I have seen Golarion categorised as a "kitchen sink" setting. We have the land of pirates, the quasi-Egyptian setting, the quasi-Arabic setting etc.I think this is a fair description, and I don't think it is a derogatory term. I think the folks at Paizo wanted a setting that could handle as many different types of adventure as possible, and Golarion was the result. This is good for me - librarything.com tells me that I own 228 adventures, not counting every print edition of Dungeon bar 5 and the numerous adventures I only have in PDF format. With a few obvious exceptions (my Spacemaster adventures come to mind!) I could run almost all of them in Golarion with very little effort.
However, it was only when I started contributing articles to this site that I realised how well the various areas link together. Just reading the Campaign Setting, which presents the lands in alphabetical order, can give the wrong impression. To take a semi-random example, Molthune is followed by the Mwangi Expanse, and they have very little to do with each other. But then why would they, when they are so far apart?

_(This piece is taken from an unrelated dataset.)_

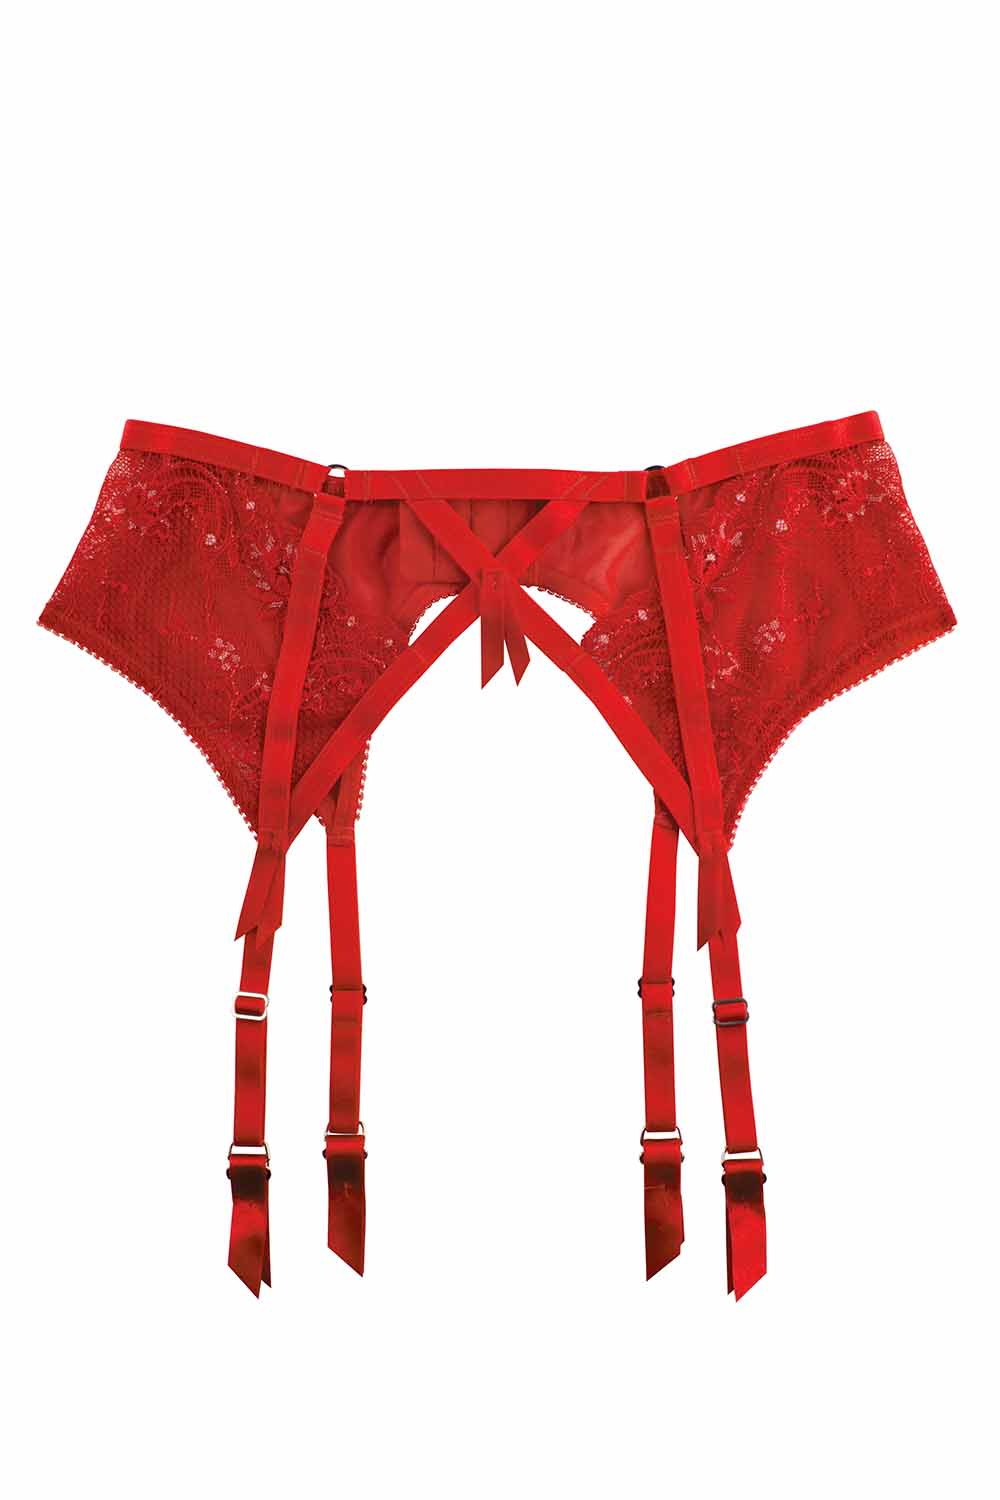 Madame X Red Suspender
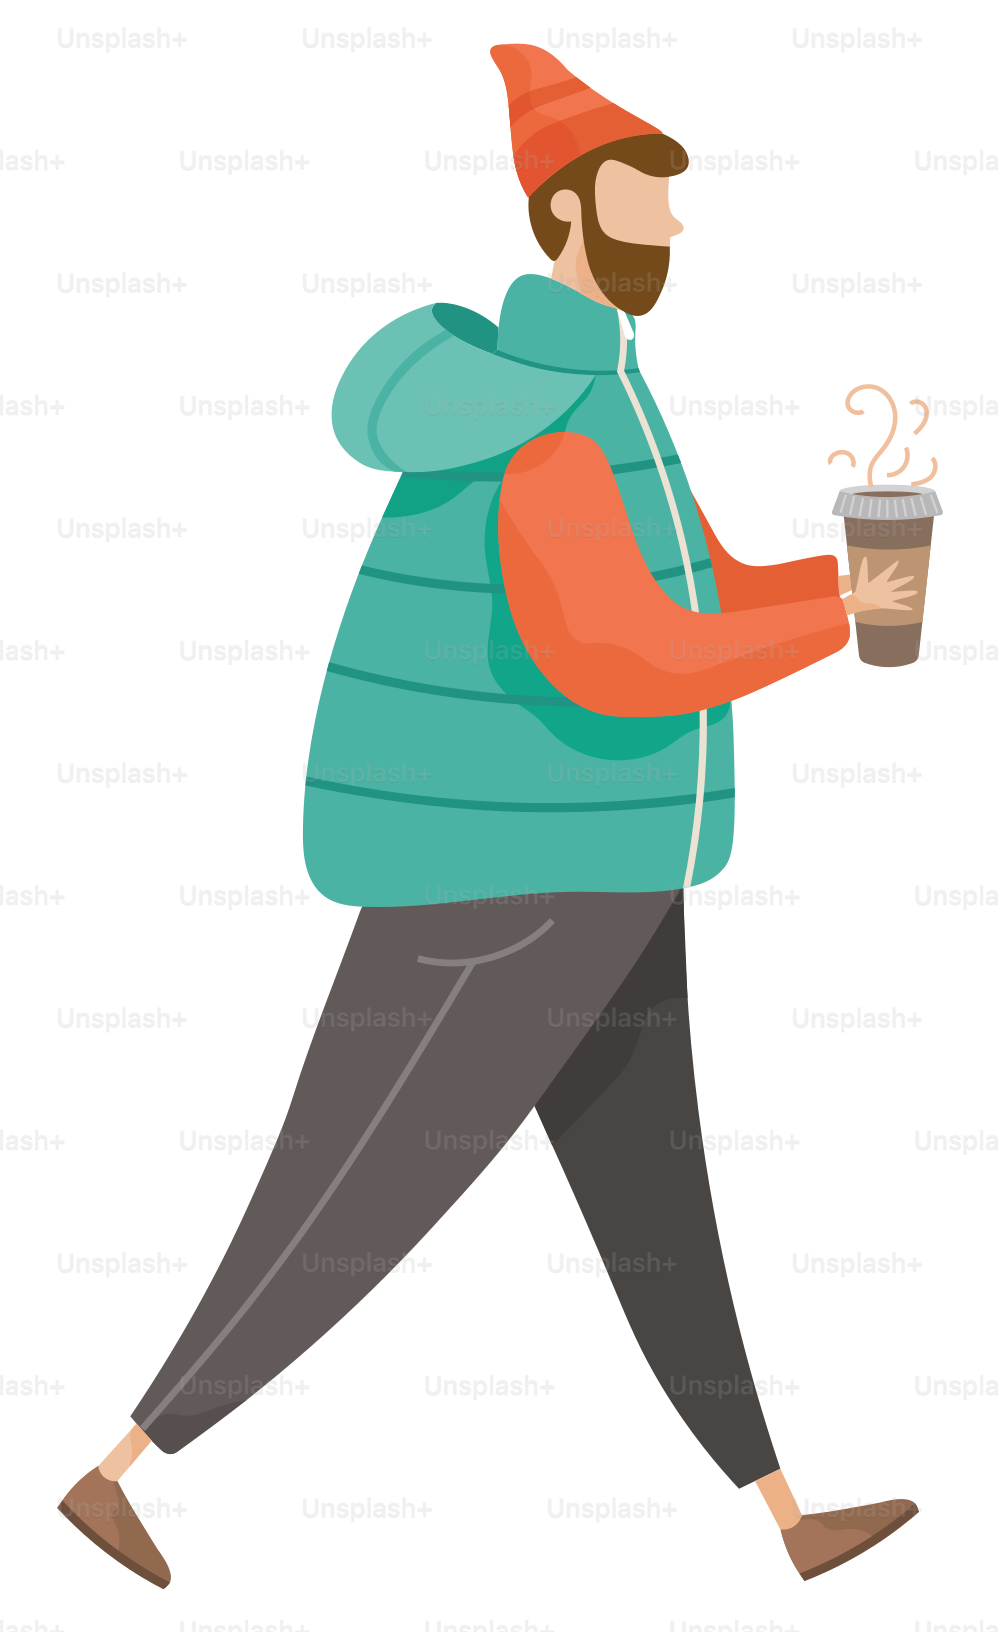 Homme marchant seul et buvant du café vectoriel. Hipster avec cappuccino, latte ou expresso dans l’illustration des mains. Guy tenant une tasse avec une boisson chaude. Personne dans des vêtements chauds comme un chapeau et une veste, style plat

When I was doing work on the Mwangi Expanse article I was often being re-directed to the neighbouring lands, especially the Sodden Lands (Jaha is now ruled by refugees from there) or the Shackles (pirates from the Shackles built Bloodcove) or Sargava (the Mwangi city of Mzali is threatening the Sargavan city of Kalabuto). Having decided that those countries would also fall within my "sphere of influence", I then found out that various monsters wandering the eastern jungle had been created in the fleshforges of Nex. You can't have Nex without Geb and Alkenstar, and it turns out that Jalmeray has pretty strong ties to Nex as well.
I took a peek at the work yoda8myhead has been doing on Rahadoum, and it turns out there's also a strong hate/hate relationship there with the Shackles.
So basically this blog post is a very long winded way of saying I love the way the disparate parts of the world have been linked together so well, and the wiki format is ideal for making those connections.